AirAsia Aviation units are set to increase capacity into Mainland China, more than a month after Beijing scrapped most of its ‘zero-Covid’ travel restrictions.

AirAsia Malaysia and medium-haul affiliate AirAsia X on 13 February announced it was resuming flights to seven cities in China from February and March, though initial frequencies will remain below pre-pandemic levels.

AirAsia_KLIA

Source: FlightGlobal/Alfred Chua

AirAsia aircraft at Kuala Lumpur international airport.

AirAsia Malaysia will resume flights between its Kuala Lumpur hub and Macau, Shenzhen, Guangzhou, as well as Kunming.

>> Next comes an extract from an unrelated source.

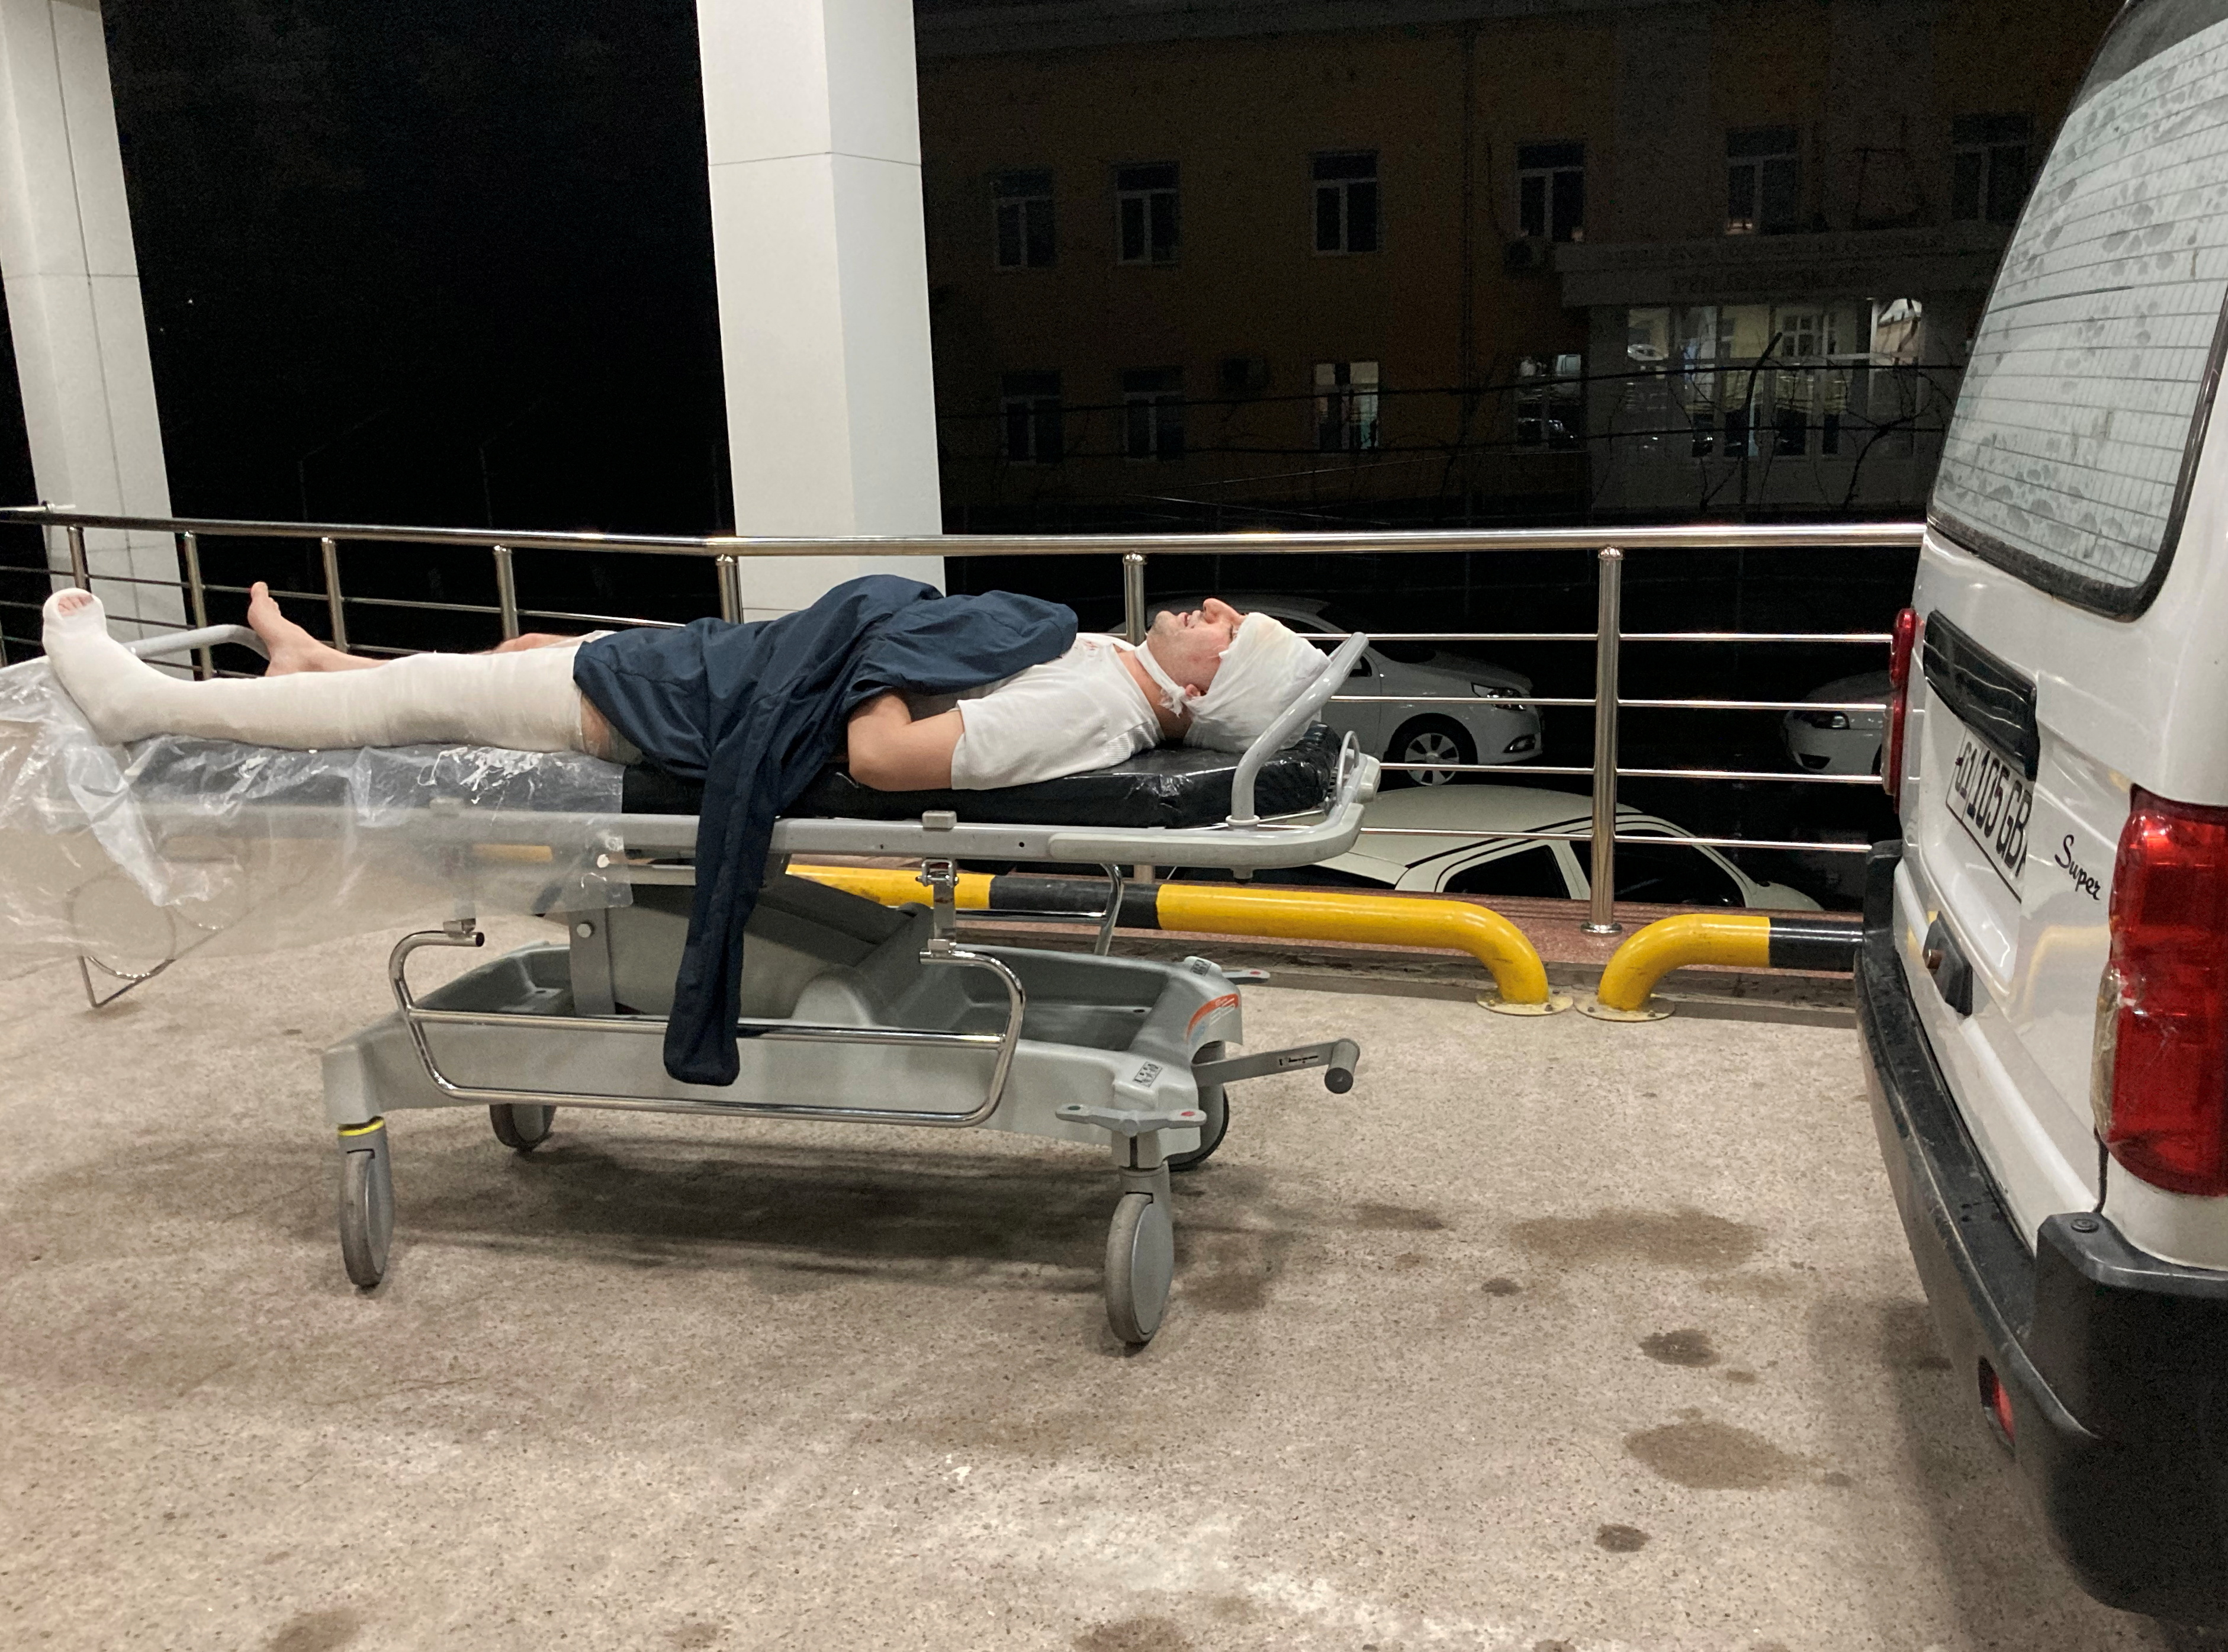 Blogger Miraziz Bazarov lies on a stretcher upon his arrival at a hospital after he was beaten in Tashkent

Already the airline has begun flights from Guangzhou, with AirAsia reporting “strong load factors” on the route.

From its Kota Kinabalu hub in east Malaysia, AirAsia will restore flights to Shenzhen and Guangzhou.

With the resumption of flights to the four cities, AirAsia Malaysia will operate 27 weekly flights between Malaysia and Mainland China – a fraction of its pre-pandemic China network.

AirAsia X, meanwhile, will resume flights from Kuala Lumpur to Shanghai, Hangzhou and Chengdu from March, adding 10 weekly flights in total.

AirAsia Malaysia chief Riad Asmat says: “China is an integral market for AirAsia Aviation Group, where we were the largest international low-cost carrier by capacity pre-pandemic.

“[The] restart of our services will not only provide greater value and accessibility to essential travellers from Malaysia and tourists from China but will significantly boost tourism, trade and economic growth in both countries,” he adds.

Benyamin Ismail, AirAsia X’s CEO, says: “China will be our next primary market focus as we resume our growth strategy flying our most popular and profitable routes.”

AirAsia X had previously said China’s reopening will accelerate its recovery to pre-pandemic operations, amid significant traffic growth in the October-December quarter of 2022. 

The ramp-up of capacity to China comes as the low-cost airline group aims to restore full pre-pandemic capacity to China by the thrd quarter of 2023.

Other AirAsia units have also restored their China networks: Philippines AirAsia, for instance, is resuming flights between Manila and Guangzhou, Shenzhen and Macau.